2) World congress is objectively a mess in Civ6. You are left more or less completely clueless with regards to what the AI will vote and how many votes they will throw after a specific suggestion, so you can either a) memorize fixed AI behavior, b) save scum, or c) guess blindly. To add further salt to the wound, the way that vote cost escalates means that when more than about 4-5 AI civs are alive, they can always outvote you no matter how much diplomatic favor you work to accumulate. I know people complained about vote monopolizing through buying city states in Civ5 (which was indeed an issue), but new system is just worse.
3) Cultural Victory has become completely nontransparent. The way tourism works is a complete enigma to all but the very most dedicated players. I've read guides on it here on this forum, and I still don't understand it. They may have added rockbands and I know not what, but in Civ5, it was extremely easy to understand: Your tourism more than all their culture. In Civ6: Well, you do stuff and at some point, you may win ...
4) Poor balancing. They are working a lot on this, and credit to them for that, but look at something like Secret Societies. How on earth can anybody who plays this game just moderately well think that something like Voidsingers (here, take massive amounts of free faith in early game, then take free boost to science and culture in mid game, and then a unit that can make enemy cities rebel without any defense in late game) is balanced with Hermetic Order (take a blind guess that you may get these map lines, except you may not get them, or maybe they are placed so they screw up your district placement, and even if you get them, the benefits from them are mediocre until late game)?
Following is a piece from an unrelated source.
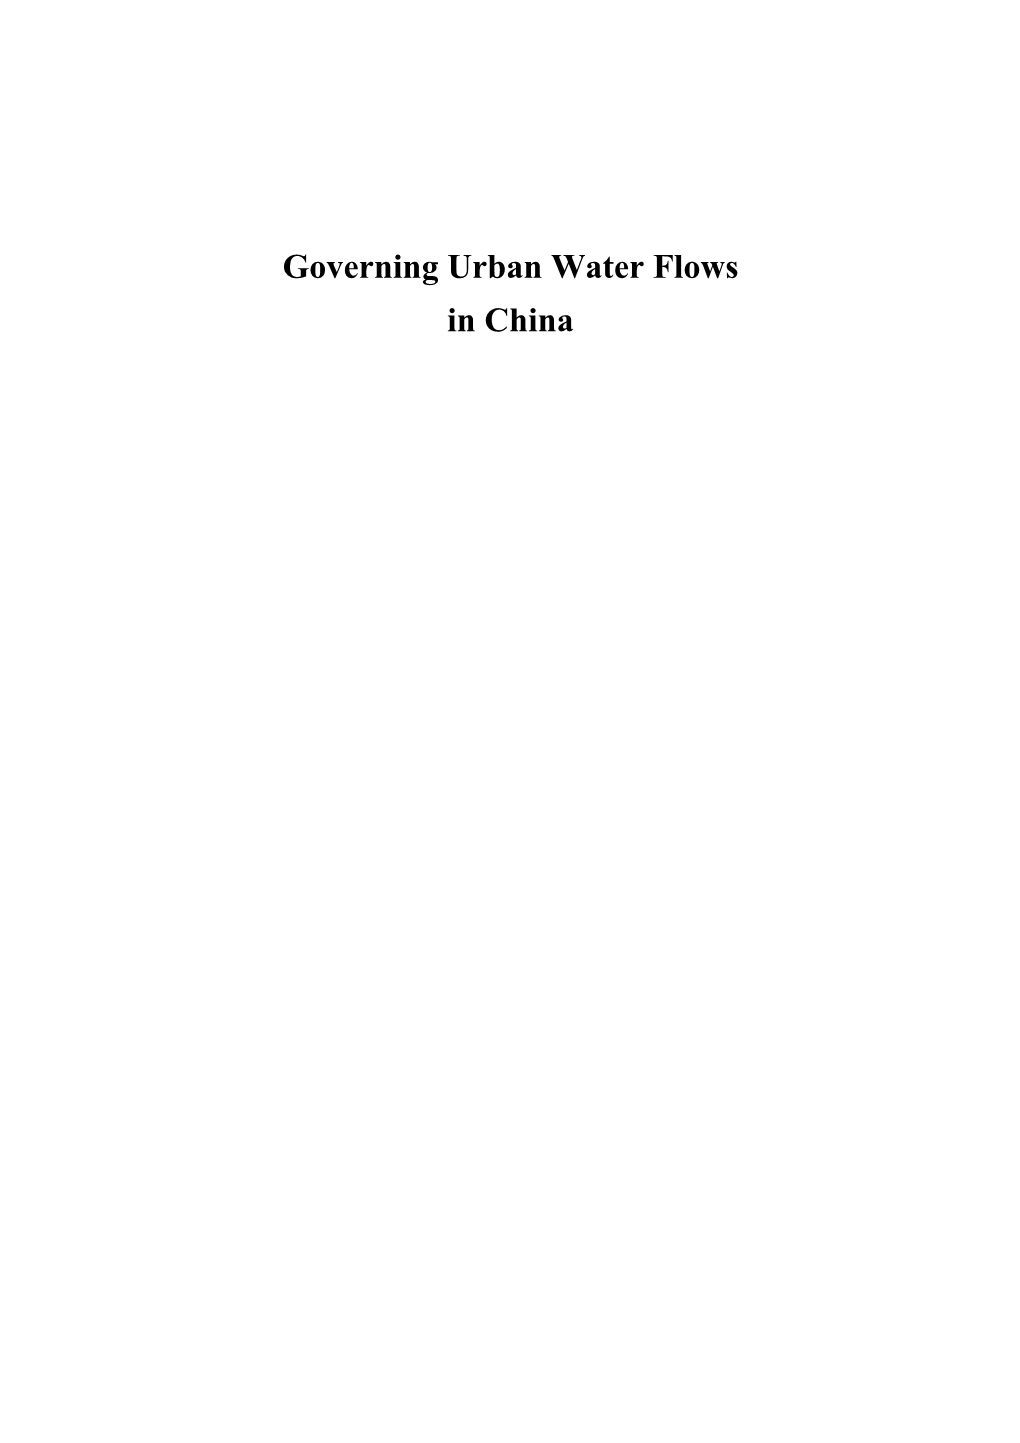 Governing Urban Water Flows in China

I'm not saying I don't like Civ6, I have fun with the game and have played many hours, but it does strike me as underachieving compared to its potential.

A lot of this is essentially my complaints with civ 6. I think it's a pretty great game overall, but my big flaws with it are that there feels like there should be a lot more that you can do with it.

You have a lot of very interesting systems, you have a lot of new setups, but they seem to get about 75% of the way to a cool system, and then it just, kind of, stops. Like with secret societies - cool concept to add sort of a separate uniqueness/religion system, where you choose your option early and get some scaling benefits over time with it every couple eras. Neat, okay, but as you say, it comes in essentially very unbalanced, and then also just alters too much of the game with those 2-4 extra early governor titles, that it makes it a very polarizing setup.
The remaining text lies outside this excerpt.